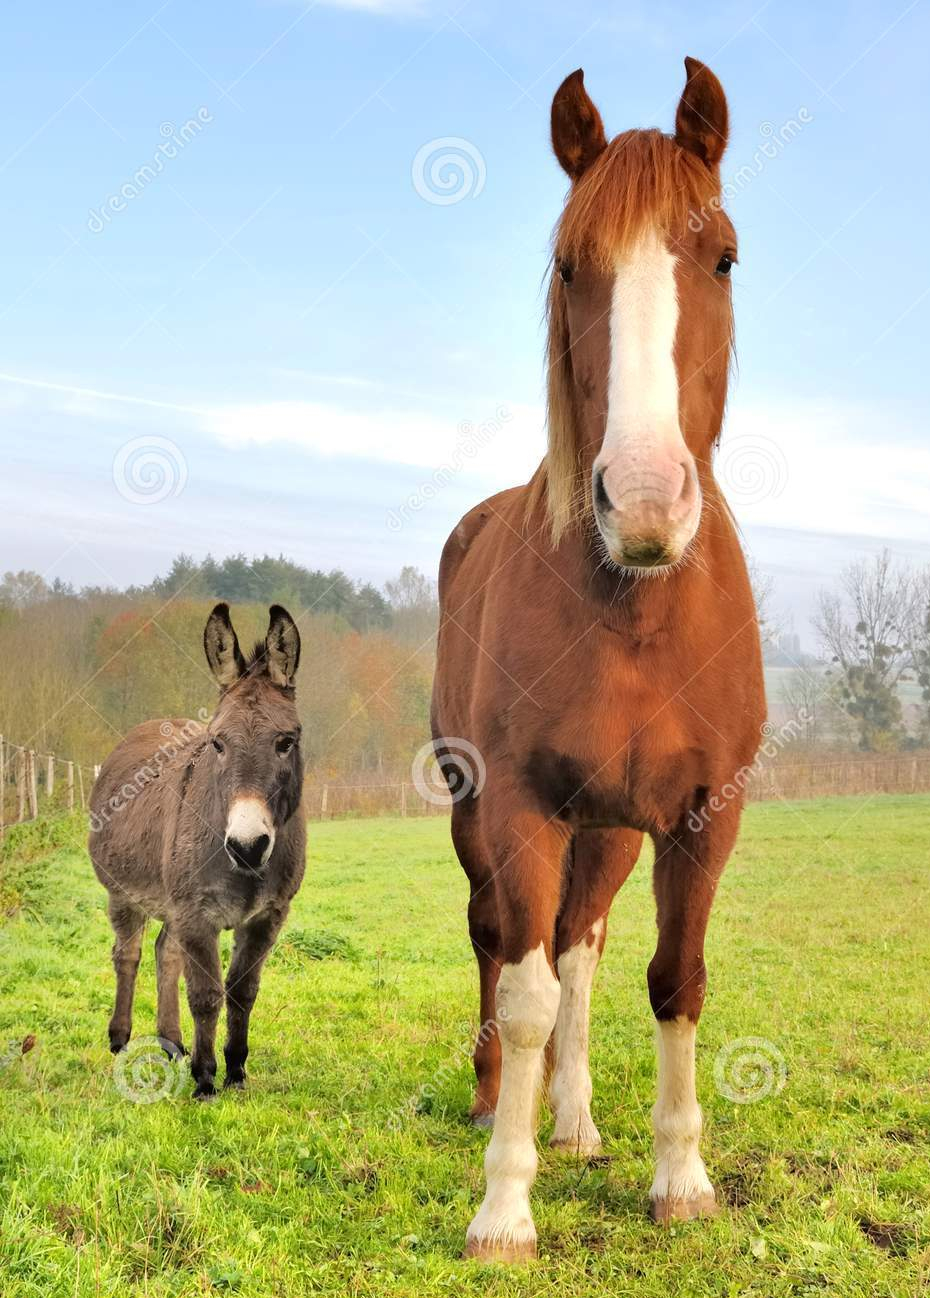 Horse vs Donkey
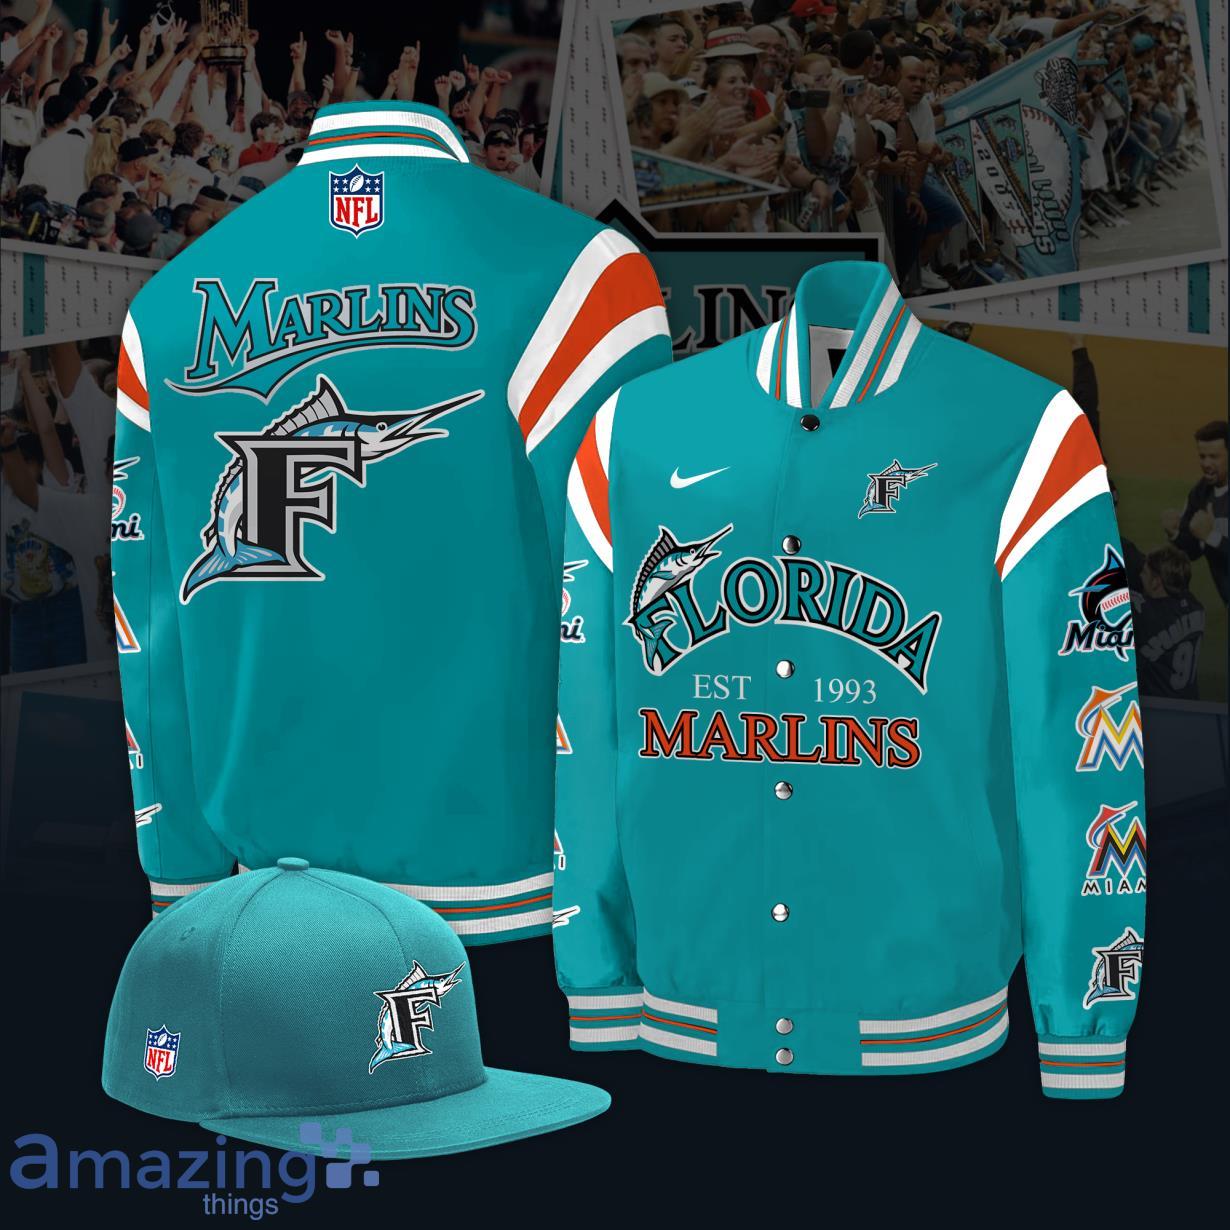 Florida Marlins Baseball Jacket Product Photo 1
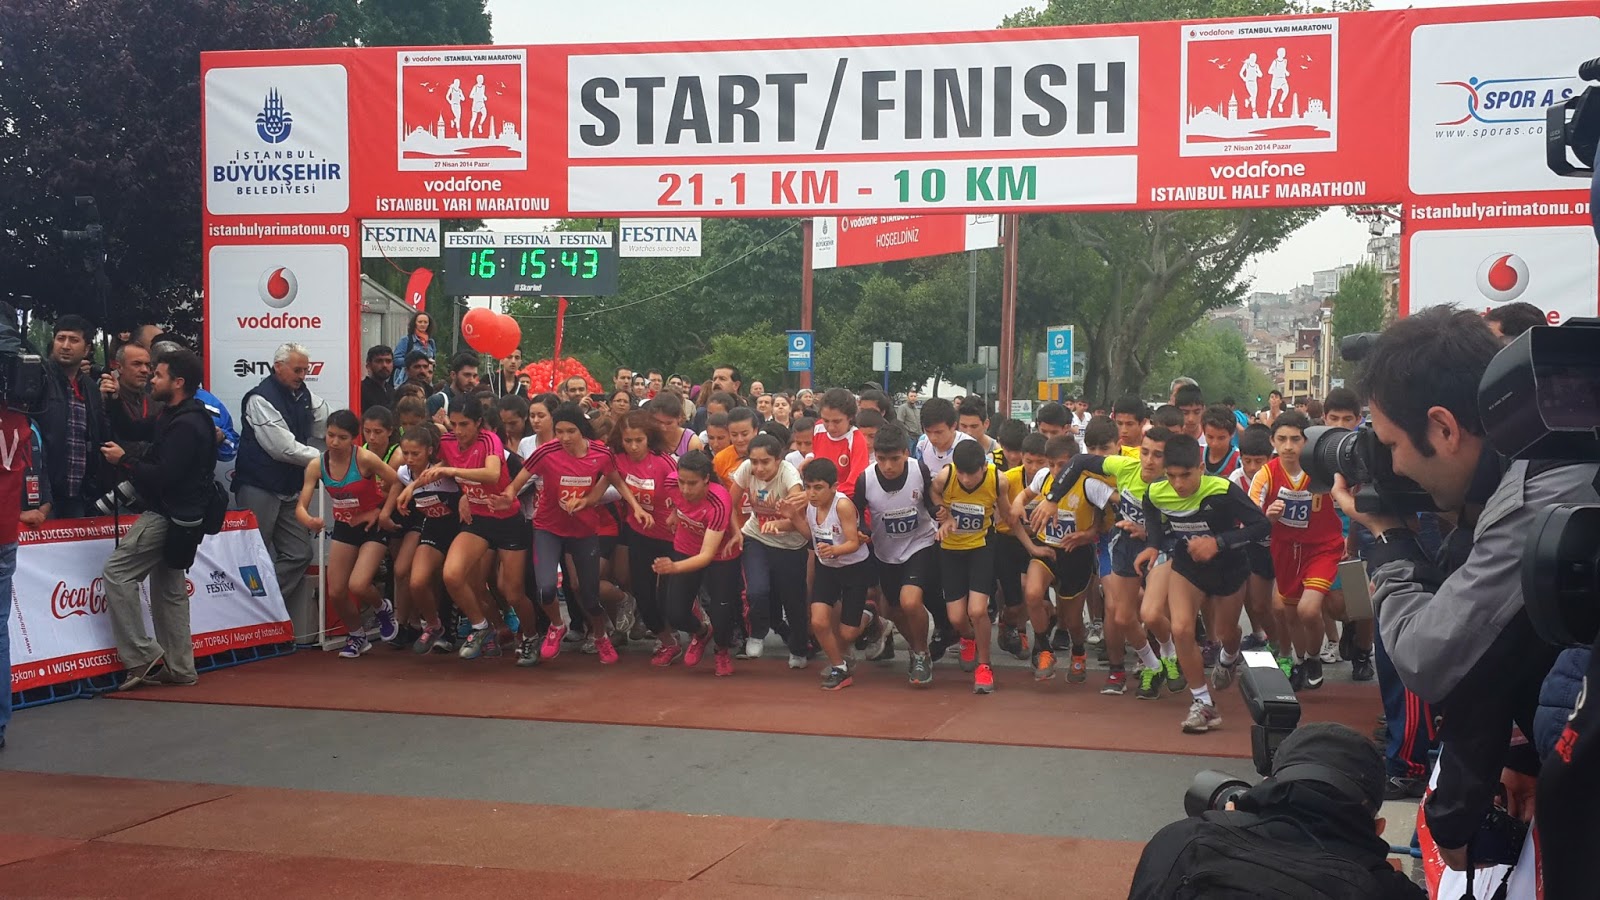 Vodafone Yarı İstanbul Maratonu 2014 Nisan start 
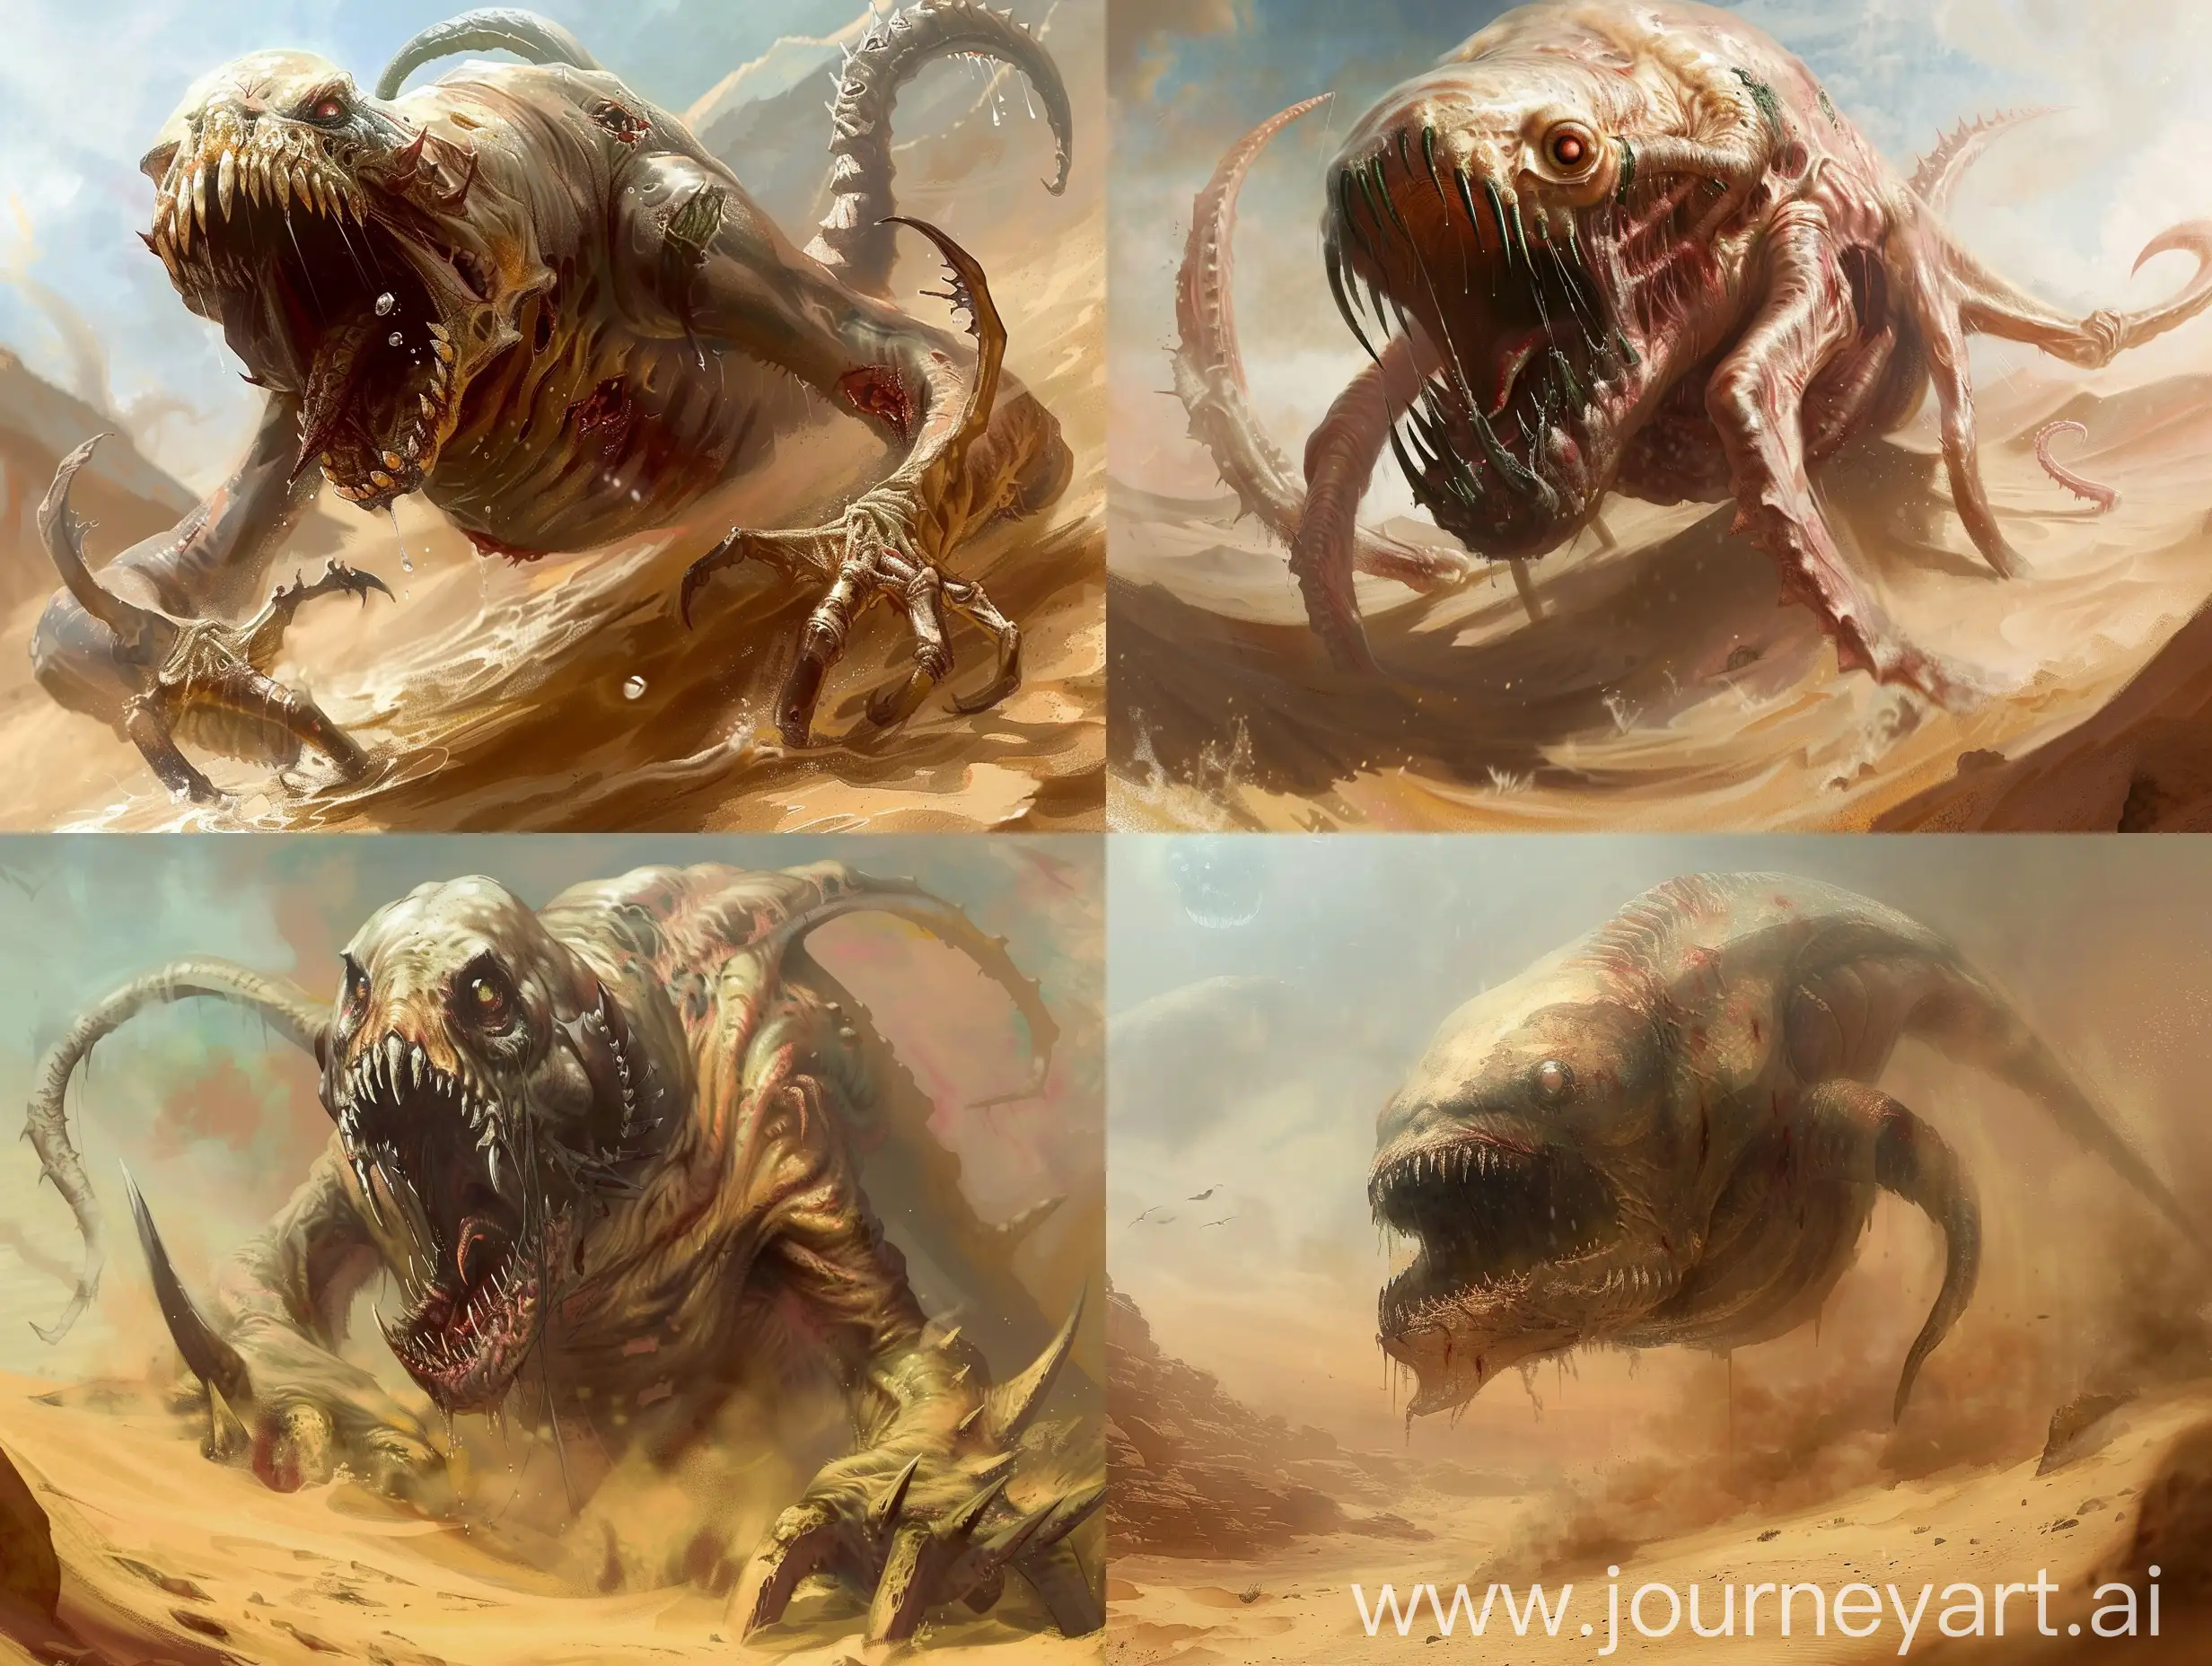 a gargantuan zombie kraken, swimming in a desert. Menacing and horrible, dungeons and dragons art styke
--
# Aim of the exercise
Your task is to copy exactly the lines from the line containing "Vodafone Yarı İstanbul" through the final line of the listing above and to omit every picture.

# Completed exercise
 Vodafone Yarı İstanbul Maratonu 2014 Nisan start 
 a gargantuan zombie kraken, swimming in a desert. Menacing and horrible, dungeons and dragons art styke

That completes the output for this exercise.